As assistant dean of research I'll have an administrative role in working with faculty to help them fund their research in an increasingly hostile funding environment. Bringing back an an animal from extinction was hard4 but getting funding for research from NIH and NSF right now is probably even harder. Over the years since leaving academia I've focused on getting funding from other sources like DOD, DARPA, and other private funding sources. I think academic researchers will need to be a bit more entrepreneurial over the next few years (a recent UVA SDS Data Points Podcast guest agrees, as does the SDS Dean). I'm looking forward to working with faculty to meet this challenge at this moment.
Ultimately, choosing UVA’s SDS wasn’t just about career progression. It was about joining an intellectually diverse community committed to exploring the full potential of data science to solve urgent, real-world problems. The path ahead feels incredibly challenging but profoundly meaningful and exciting, and I’m eager to join colleagues old and new at UVA and see where this next chapter leads.

I recently published this essay on moving from academia to industry. I’ll write another one soon on moving from industry back to academia (which is much more difficult and less common!).

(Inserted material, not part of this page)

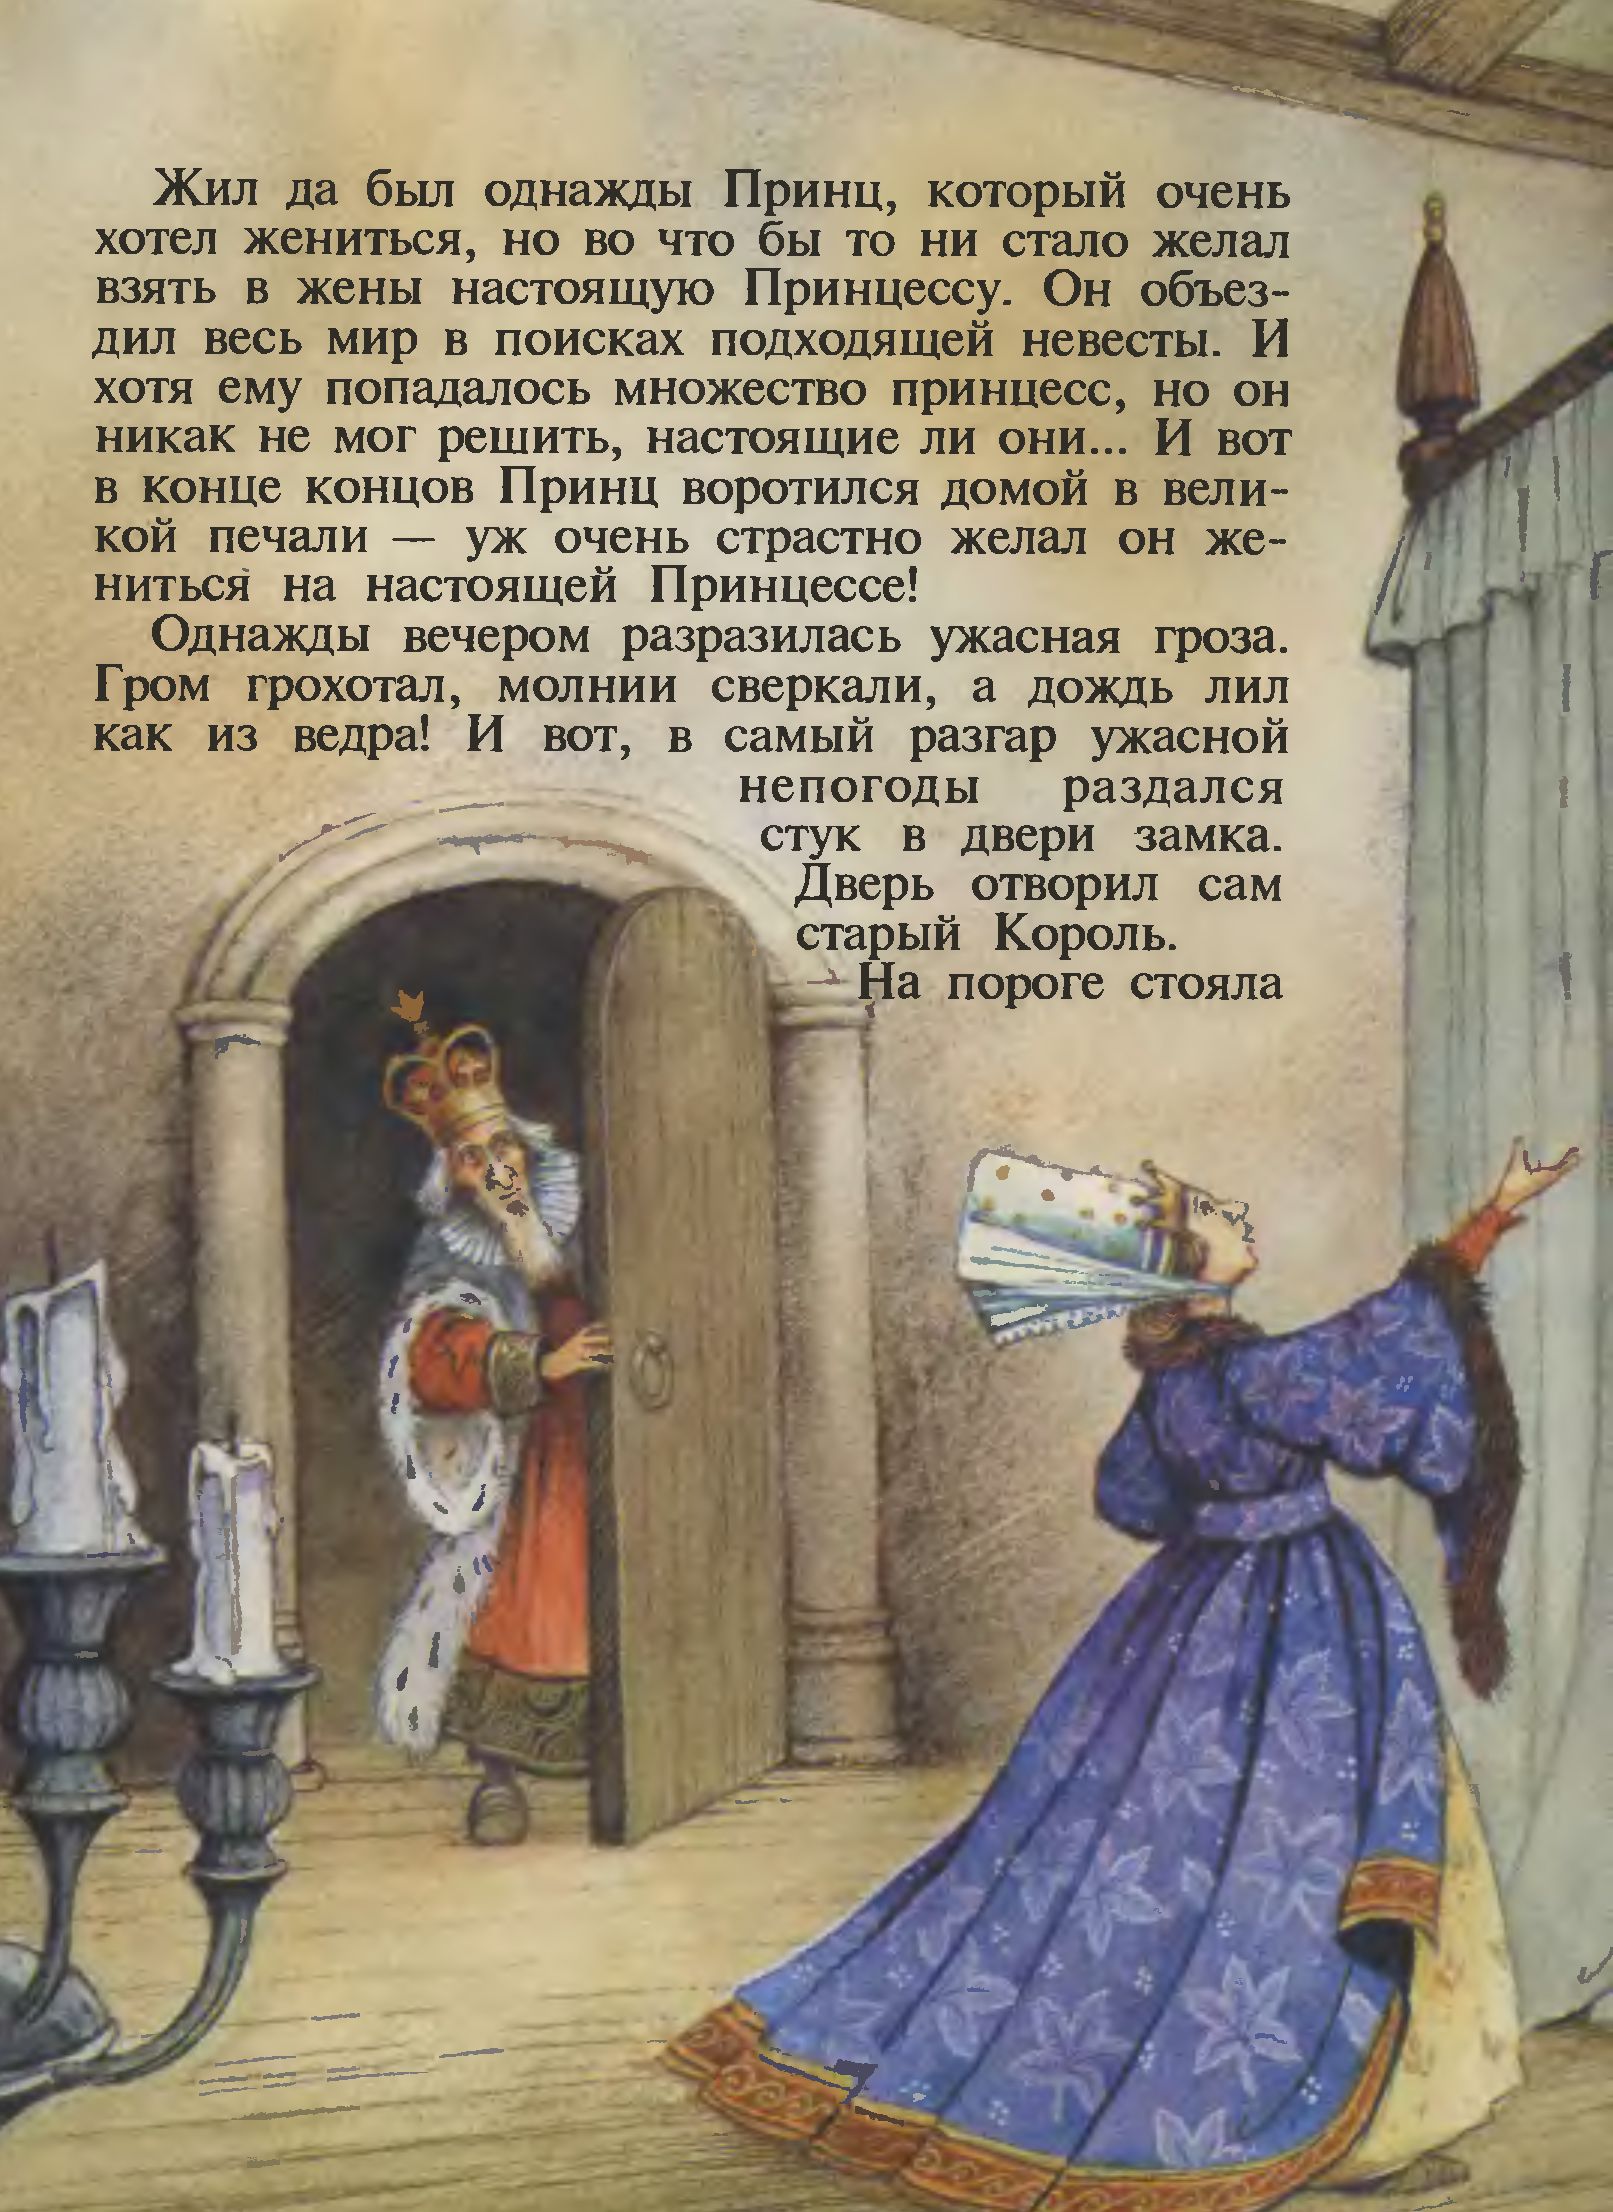 Иллюстрации Джона Пейшенса к сказке «Принцесса на горошине»

I stole this turn of phrase from a friend and colleague Alexander Titus. Go read his newsletter, The Connected Ideas Project.
SDS’s “Story of Us” digital exhibition (https://story.datascience.virginia.edu) chronicles the history of SDS from its early beginnings to its current form. It’s a good read, but if you don’t have time, the podcast version is shorter.
Let's not argue about the definition of a “species” here. My former boss and Colossal chief scientist has been over this before.
Congratulations, you will be terrific there, please don't give up blogging/posting...
looking forward to working with you!